What is being asked: Write the listing out again exactly as it stands, with no images.

[[ The data open ]]

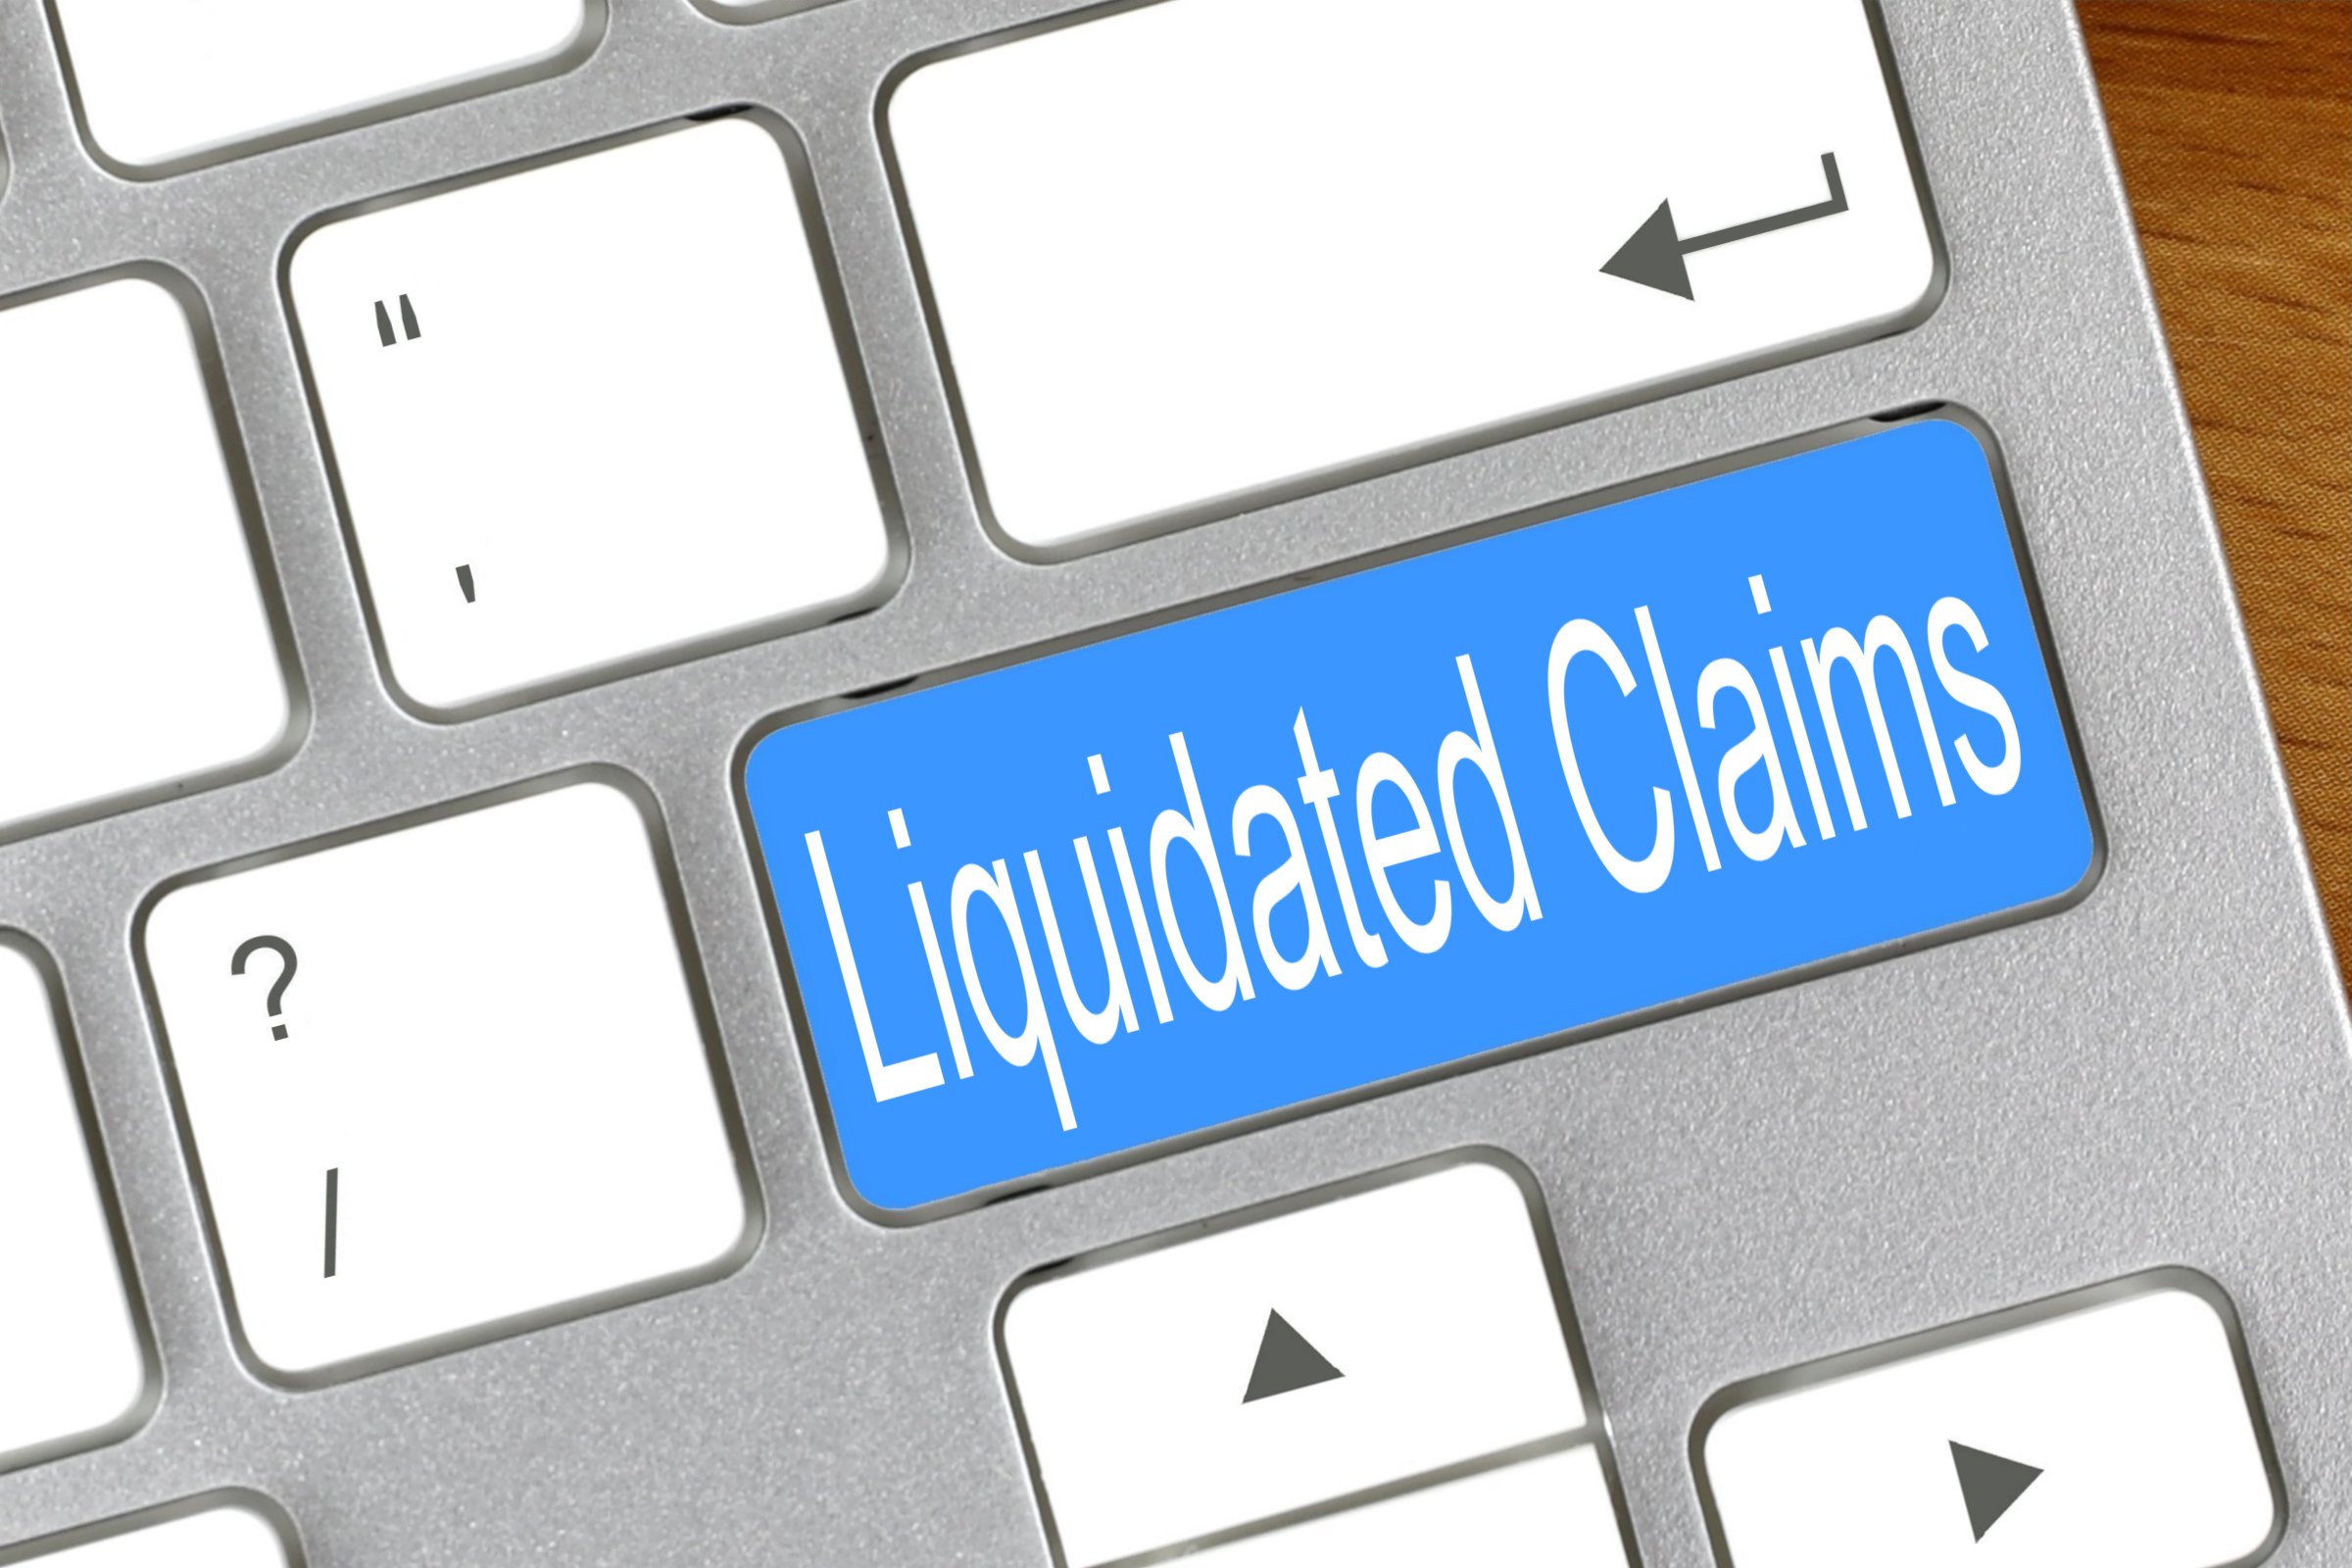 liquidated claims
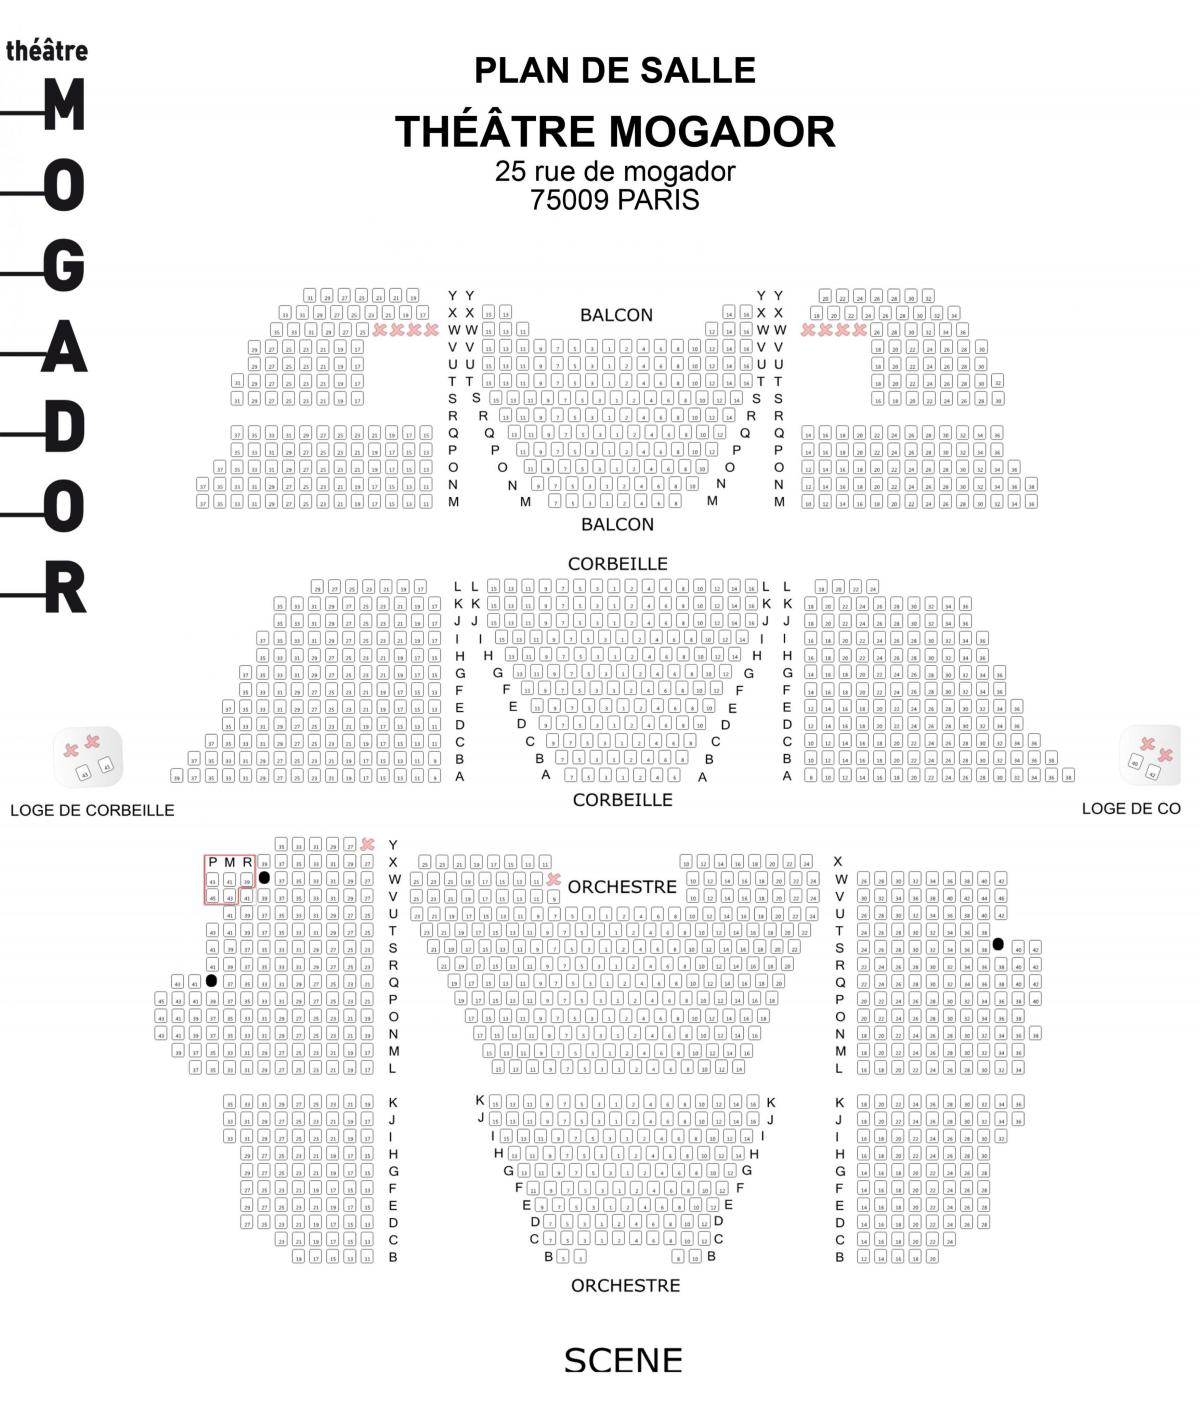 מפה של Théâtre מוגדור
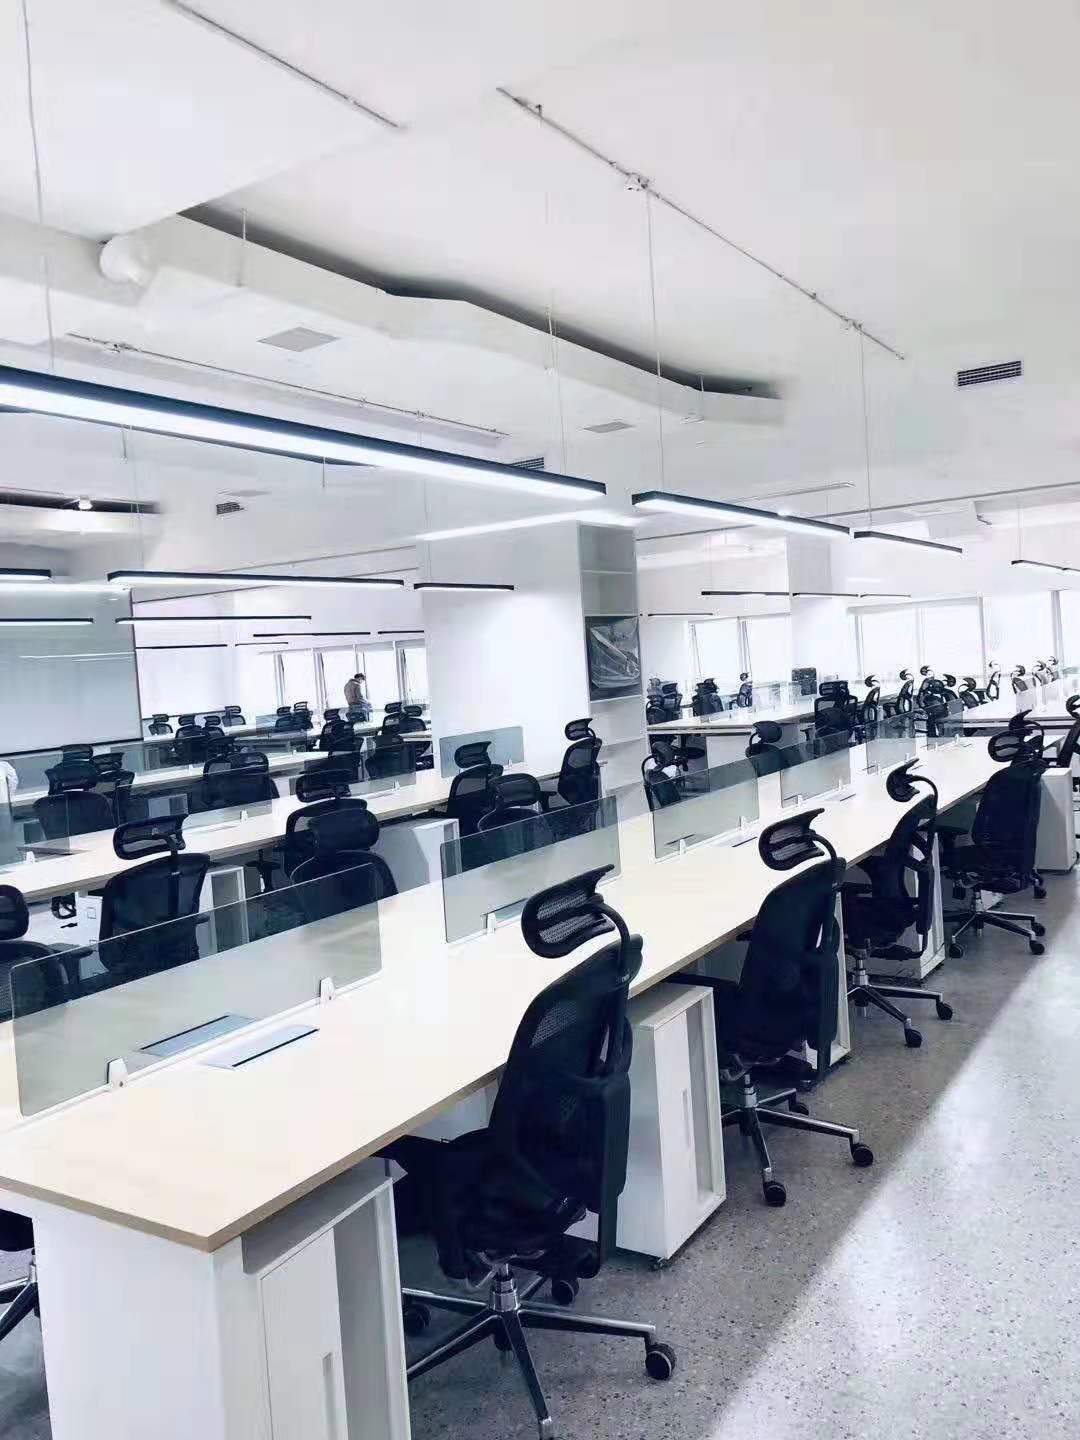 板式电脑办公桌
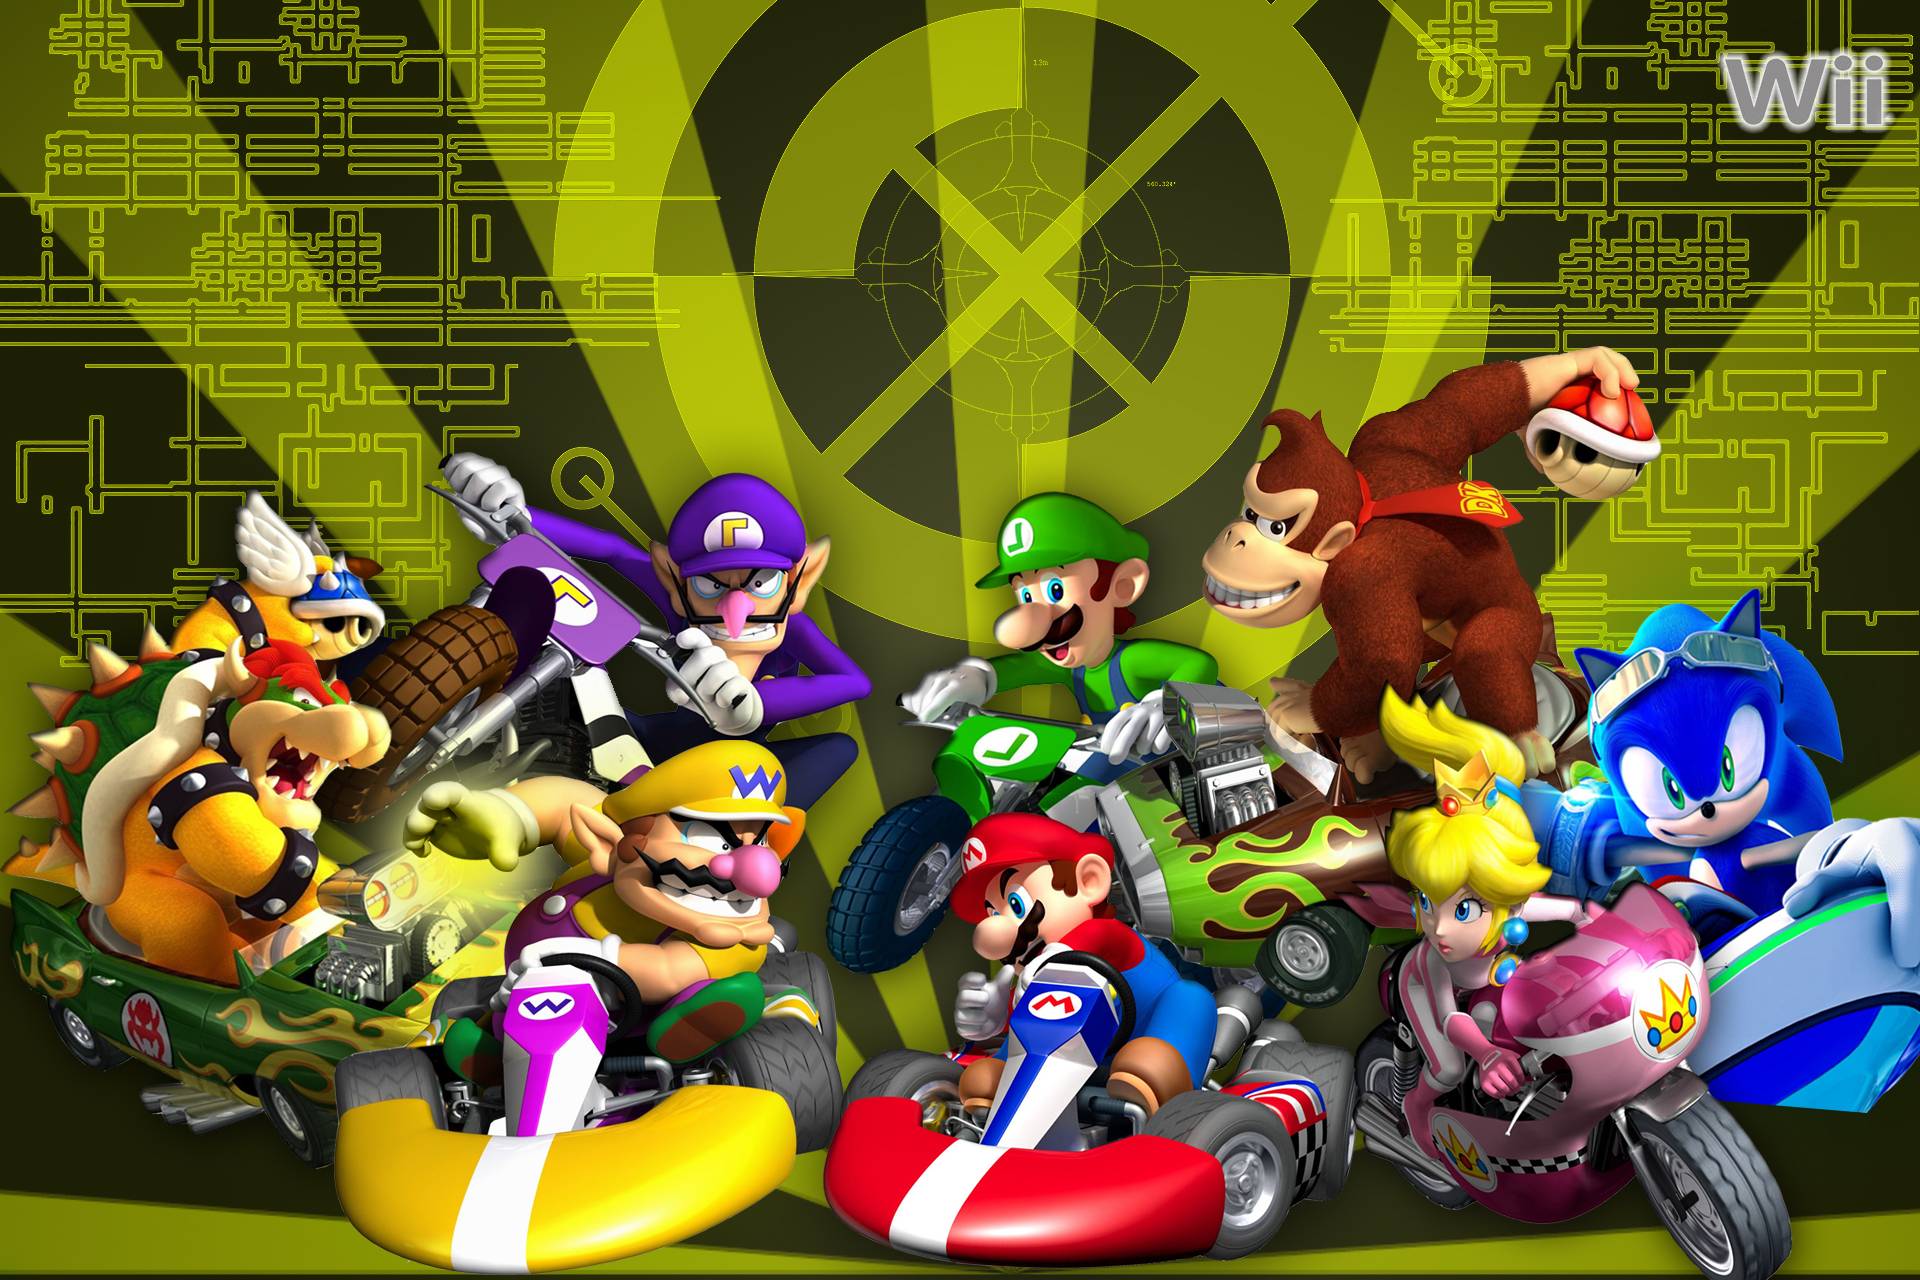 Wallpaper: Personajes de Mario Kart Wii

[[ The data closed ]]

Answer for the task:
 liquidated claims
 מפה של Théâtre מוגדור
 板式电脑办公桌
 Wallpaper: Personajes de Mario Kart Wii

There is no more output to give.